Ron Paul reacts to
Rick Santorum being the GOP's flavor du jour (Steve Marcus/Reuters)
Rick Santorum:
“Ron Paul says he’s going to eliminate five departments. Ron Paul passed one bill in 20 years. What give you the idea that he can eliminate anything? I mean, he has absolutely no track record of building any kind of coalition to get anything done anywhere,” Santorum said. “I understand the appeal that Ron Paul has: it’s simple, it’s short—but there’s no track record there.”

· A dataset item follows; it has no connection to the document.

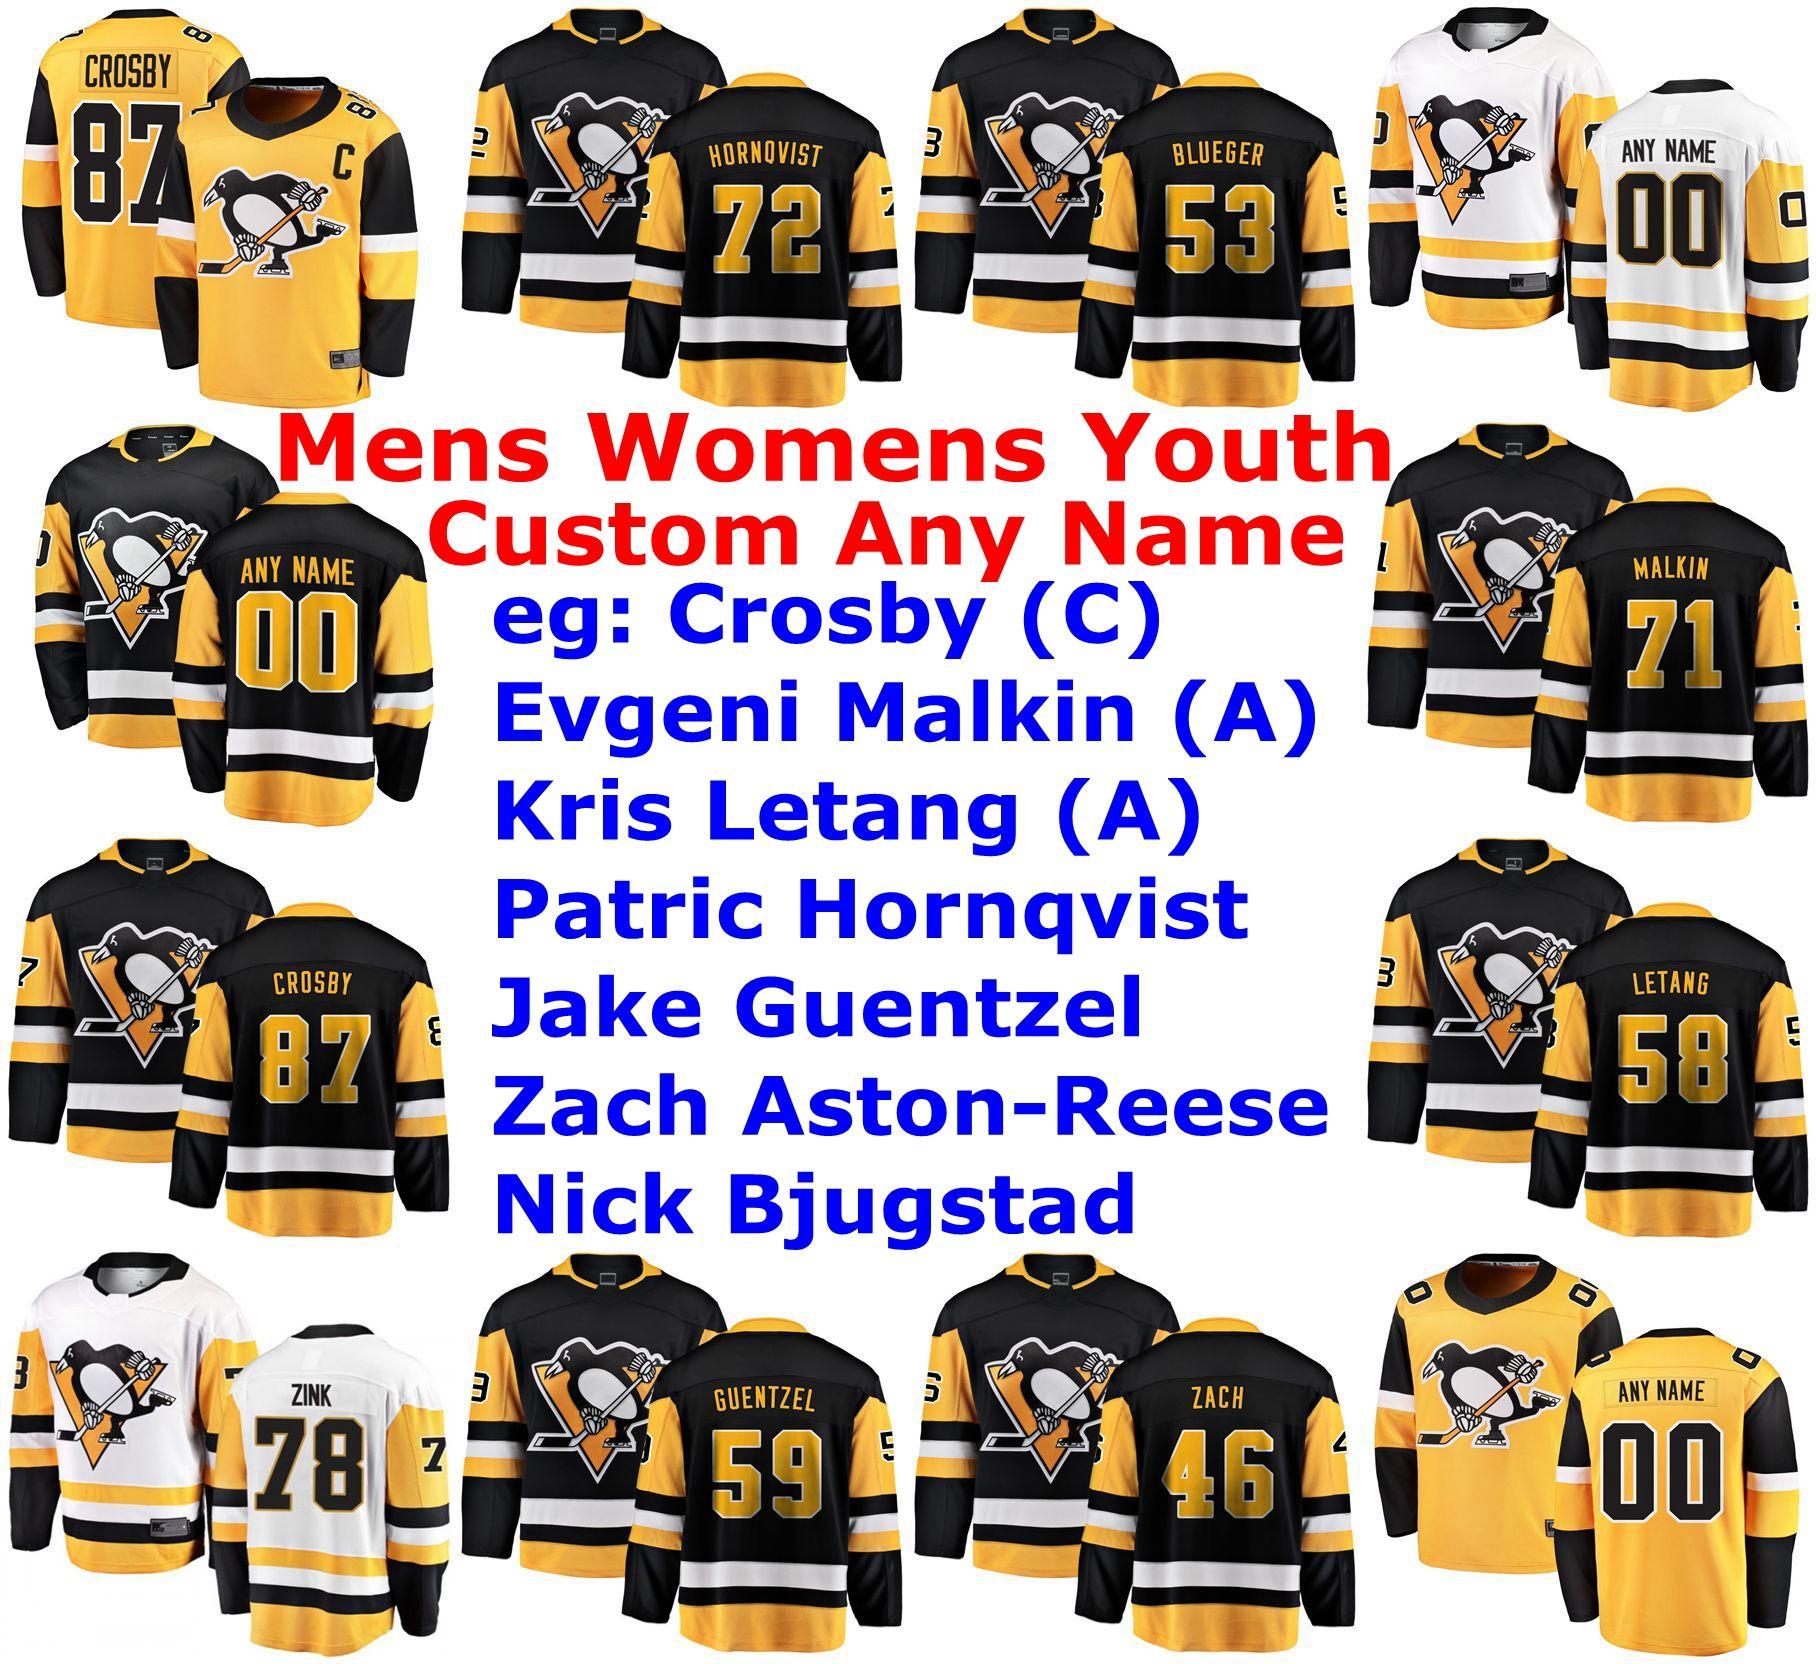 Pittsburgh Penguins Maillots Femmes Sidney Crosby Jersey Jake Guentzel Patric Hornqvist Letang Evgeni Malkin Hockey Maillots personnalisé Cousu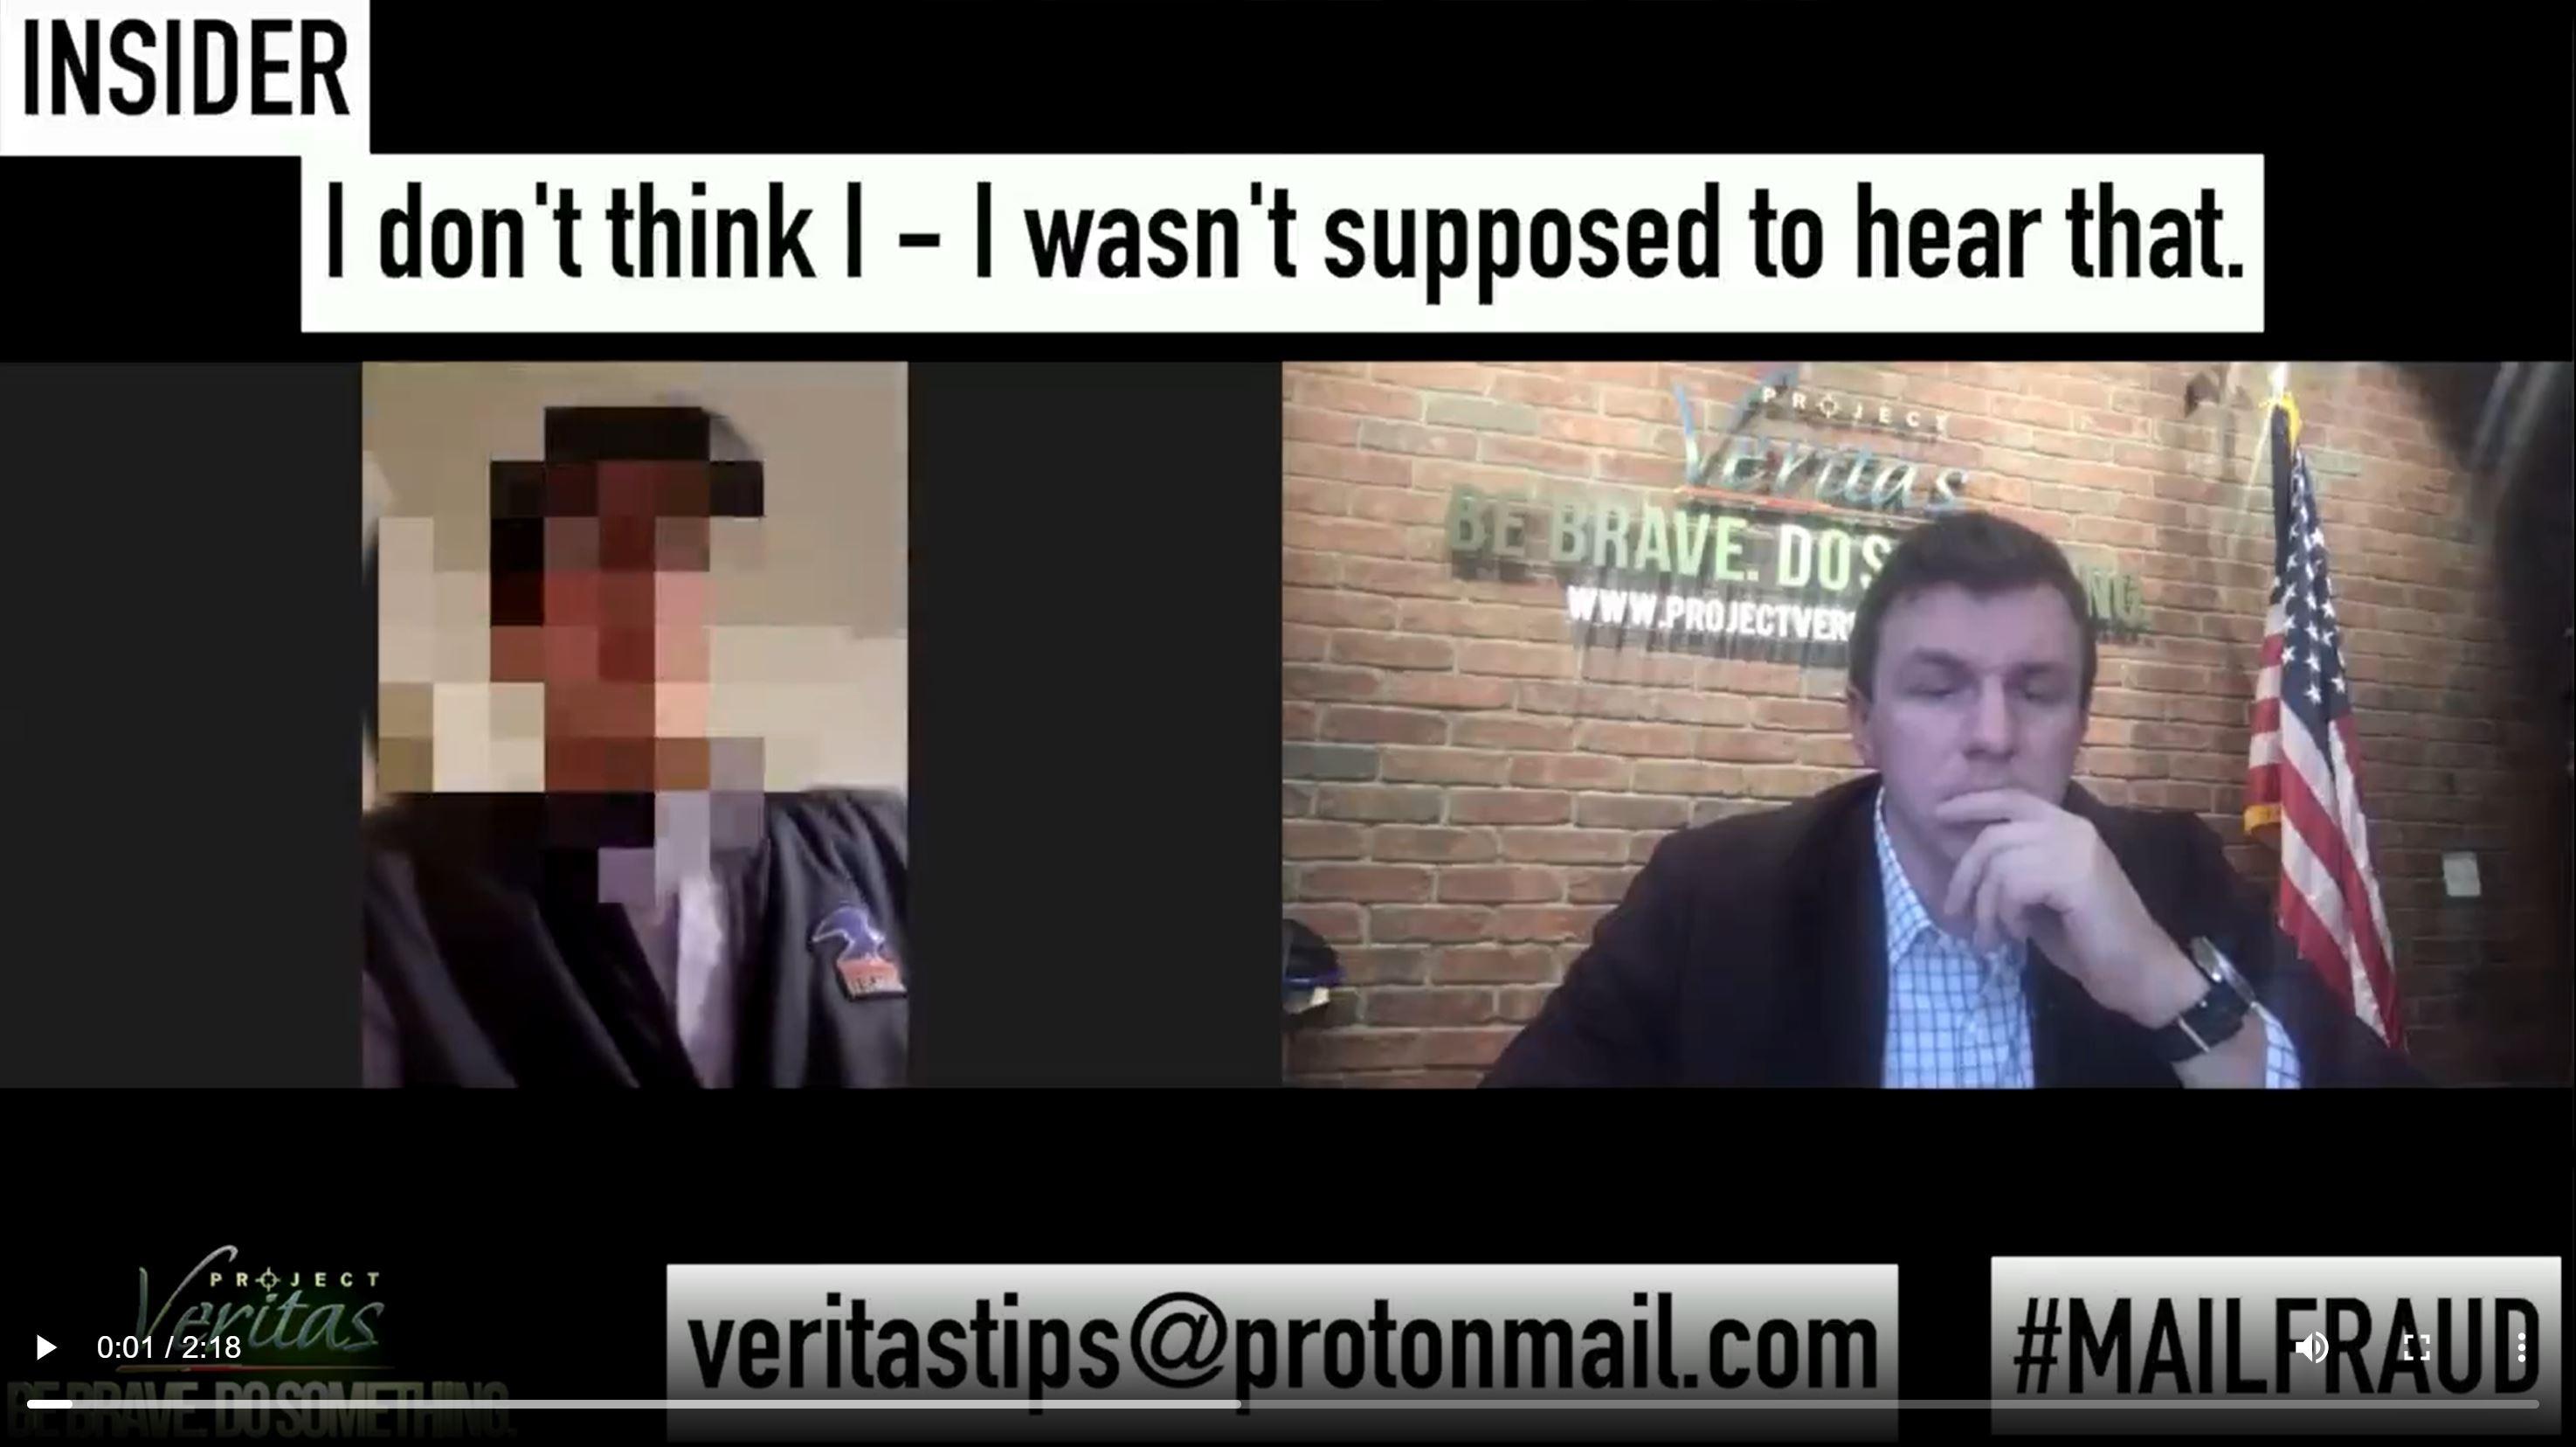 James O'Keefe. (Nov. 05, 2020). BREAKING: Pennsylvania USPS Whistleblower told to backdate ballots. Project Veritas.

That's a decent argument to make against Ron Paul ... but it might be better coming from a guy who actually won his last election. And it certainly would be better coming from someone who—unlike Rick Santorum—wasn't thoroughly trounced the last time he appeared on a ballot. Santorum lost by nearly 20 points 2006, garnering just 41% of the vote. I guess he could describe that as building a coalition ... a losing one.
It's a great illustration of just how pathetic the Republican Party has become: a defeated former U.S. Senator is vying to overtake an ineffective backbencher as the Republican Party's hottest candidate. Meanwhile, Mitt Romney marches to the right, desperate for support from a Republican base that can't stop falling in love with the Rick Santorums and Newt Gingriches and Rick Perrys of the world. It's clear that most of the GOP base doesn't really want Mitt Romney ... but at the end of the day, he very well could be the only option that they have.
Fortunately for President Obama, to become that option Romney has needed to transform himself from the moderate governor of Massachusetts to an inauthentic fire breathing conservative. That might be closer to what the GOP base finds acceptable, but it's the last thing most Americans want.